About

Our Company

4basebio UK Societas is developing next generation gene therapy technologies and solutions.

4basebio started with a focus on the manufacture of synthetic DNA for use in gene therapies; our synthetic DNA has clear safety, efficacy, and cost benefits over current plasmid DNA. Our near-term objective is the development of Good Manufacturing Practice (“GMP”) grade synthetic DNA as a key milestone in the commercialisation of this core technology.

In validating and scaling our DNA, we have identified opportunities to address complementary areas along the gene therapy value chain.

Our recently established discovery business focusses on the testing and development of nanoparticles for use in non-viral delivery of nucleic acids.  Alongside this, 4basebio is collaborating across a range of indications with partners who have achieved gene expression in relevant cell types in laboratory settings.  Our ambition is to combine this know-how with our delivery technology and synthetic DNA to advance new potential therapies through proof of concept, pre-clinical and beyond.

At the heart of the business will be our ability to manufacture GMP grade synthetic DNA and non-viral nanoparticles for third party customers; and develop the combination of technologies and expertise into gene therapy solutions for further clinical development and commercialisation.

4basebio owns proprietary technology which will place it at the forefront of synthetic DNA manufacture for gene therapy and vaccine applications. We aim to combine this technology with an innovative non-viral DNA delivery platform to offer better and safer gene therapies and DNA vaccines.

Gene therapy

4basebio focus of activity: DNA manufacture & gene delivery

4basebio aims to become a preferred supplier of proven high- quality DNA products and is therefore establishing a cost-effective process for large scale manufacture. 

4basebio seeks to collaborate with partners to facilitate the functional validation of its nucleic acid payloads and in doing so develop a pipeline of promising gene therapy candidates.

Transcending Adeno-associated viral vectors (AAV)

The recent approval and success of several AAV based products has propelled the vector system to a preferred choice for genetic payload delivery. Significant numbers in discovery and clinical trial projects are currently using this vector system.

The AVV system however has got some serious drawbacks. Most notably is its immunogenicity, which compromises repeat dosing strategies. It also shows levels of toxicity particularly when higher viral loads are required to effectively delivery a gene of interest.
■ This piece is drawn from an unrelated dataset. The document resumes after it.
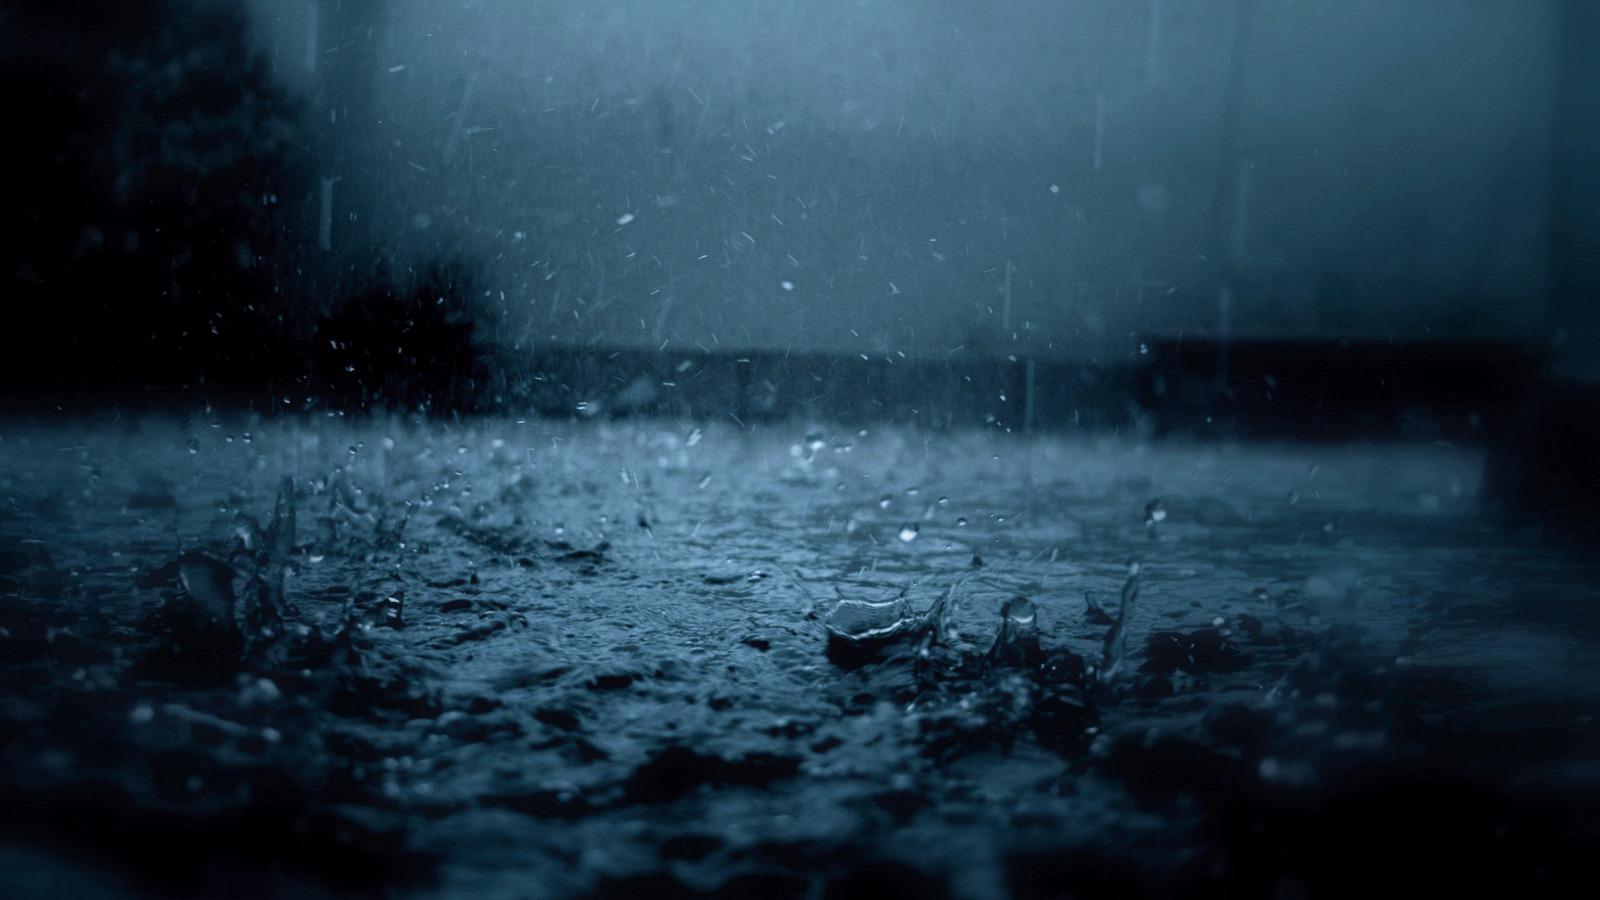 Дождь капли лужа обои 1600х900 картинки

Inherent of this approach is the small packing capabilities limiting the genes that can be targeted. Finally, the manufacturing of AAV vectors remains a difficult and expensive process resulting in expensive products for patients. 

4basebio’s Trueprime driven hpDNA^TM synthesis technology enables production of otherwise difficult to make large gene constructs. We combine our capabilities to make big genes with our Hermes^TM nanoparticle technology to effectively package these large DNA constructs in stable and safe vectors. This circumvents the major drawbacks of plasmid/AAV vectors which are inherently limited to 4.5kb payloads and carry significant safety concerns. 

The ability to efficiently deliver much larger payloads enables 4basebio to explore a whole new array of therapies where AAV vectors are unable to be effective. 4basebio strives to expand into the gene therapy field with its high performant, safe and cost-effective hpDNA^TM constructs and its novel non-viral delivery platform.